The matter proceeded to a court trial. For purposes of the trial, the parties agreed and stipulated that the policy was cancelled on March 21, 2008, for SEC's nonpayment of the policy premium and that no claim received by SEC on or after that date could be considered timely under the terms of the policy. The parties further stipulated that Evanston had received notice of Hamilton's claim "as soon as practicable," as required under the policy, and that the sole basis for rejecting the claim was Evanston's contention that the claim was not received by SEC prior to the policy cancellation date.

At the trial, Hamilton's attorney, James Mortensen, testified he sent four letters to SEC notifying SEC of construction defects in the project and asking SEC to contact its insurance carrier.

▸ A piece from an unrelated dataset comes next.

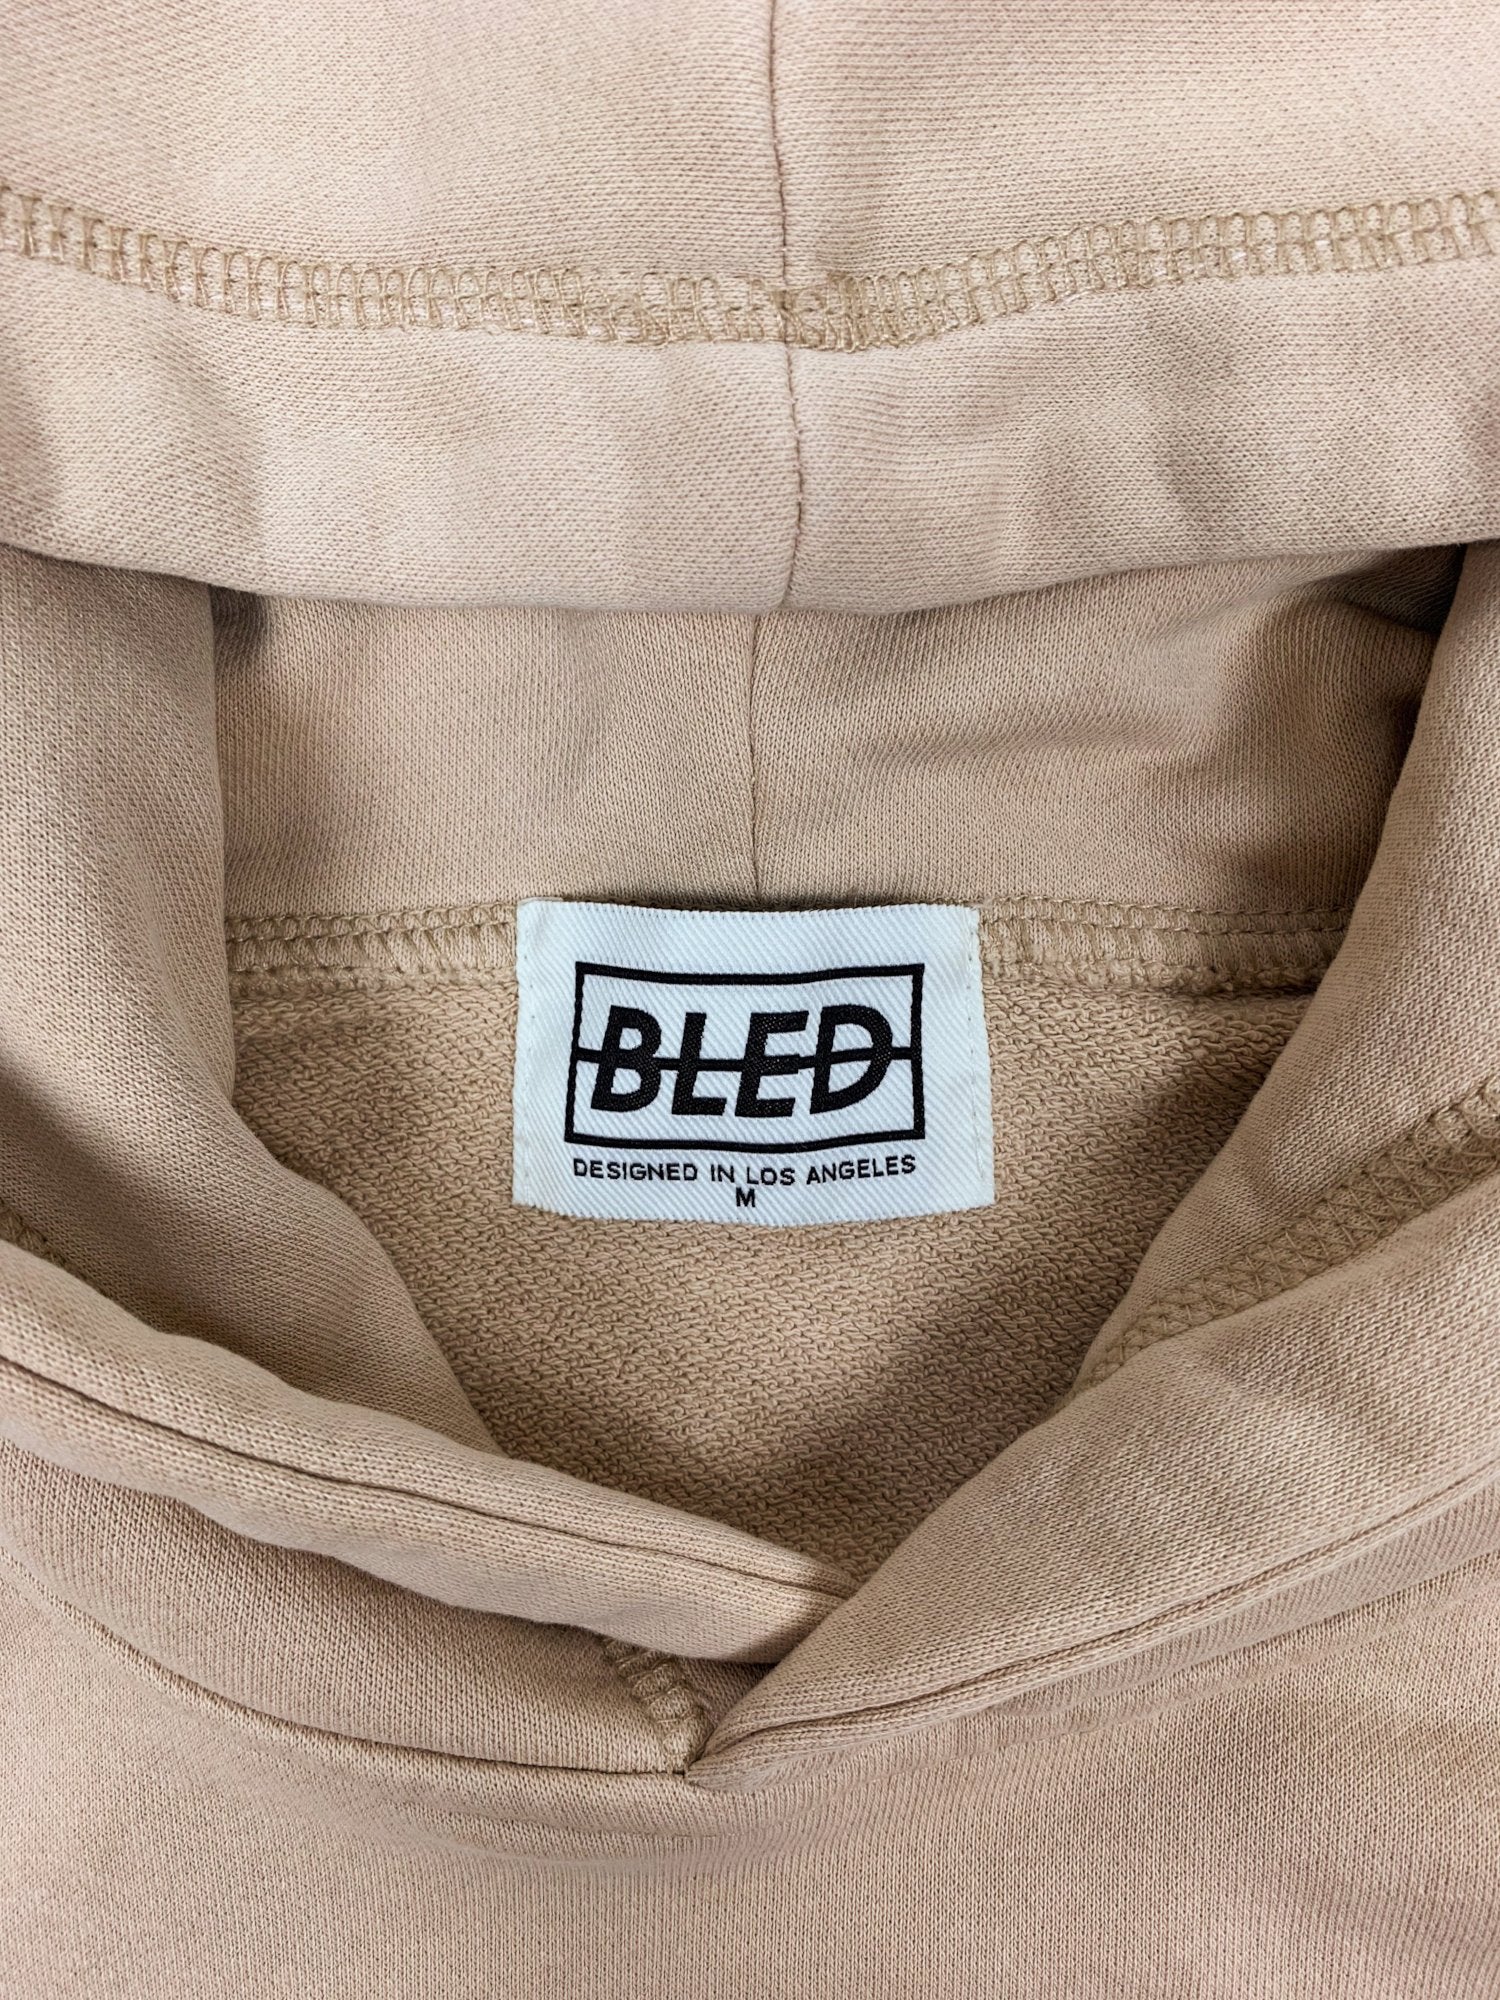 bled clothing bledwear hoodie los angeles hype streetwear

The letters, dated March 10, March 15, March 27, and April 29, 2008, were sent by first class mail to the address listed for SEC on its own website and on the website for the California Secretary of State, and were mailed either on the date indicated on the letter or the following day. None of the letters was returned as undeliverable.

Riley testified that SEC filed a mail forwarding order with the post office in July 2007 when SEC moved its office from Tourney Road to Avenue Stanford. SEC thereafter began receiving mail at the Avenue Stanford address which had been forwarded from the former Tourney Road address. Riley further testified that of the four claim letters sent by Hamilton's counsel to SEC, the April 29, 2008 letter was only one he saw before the instant litigation commenced. The April 29, 2008 letter arrived by mail at SEC's Avenue Stanford address and Riley opened the letter in early May 2008. Because of SEC's financial difficulties, Riley was the sole remaining employee at SEC after February 2008 and the only person who would thereafter open SEC's mail. Riley described conditions at SEC at that time as chaotic and admitted that mail may have remained unopened for months. Riley further testified he did not know whether any of Hamilton's previous claim letters dated March 10, 15, or 27, 2008 had been delivered to SEC's Avenue Stanford address.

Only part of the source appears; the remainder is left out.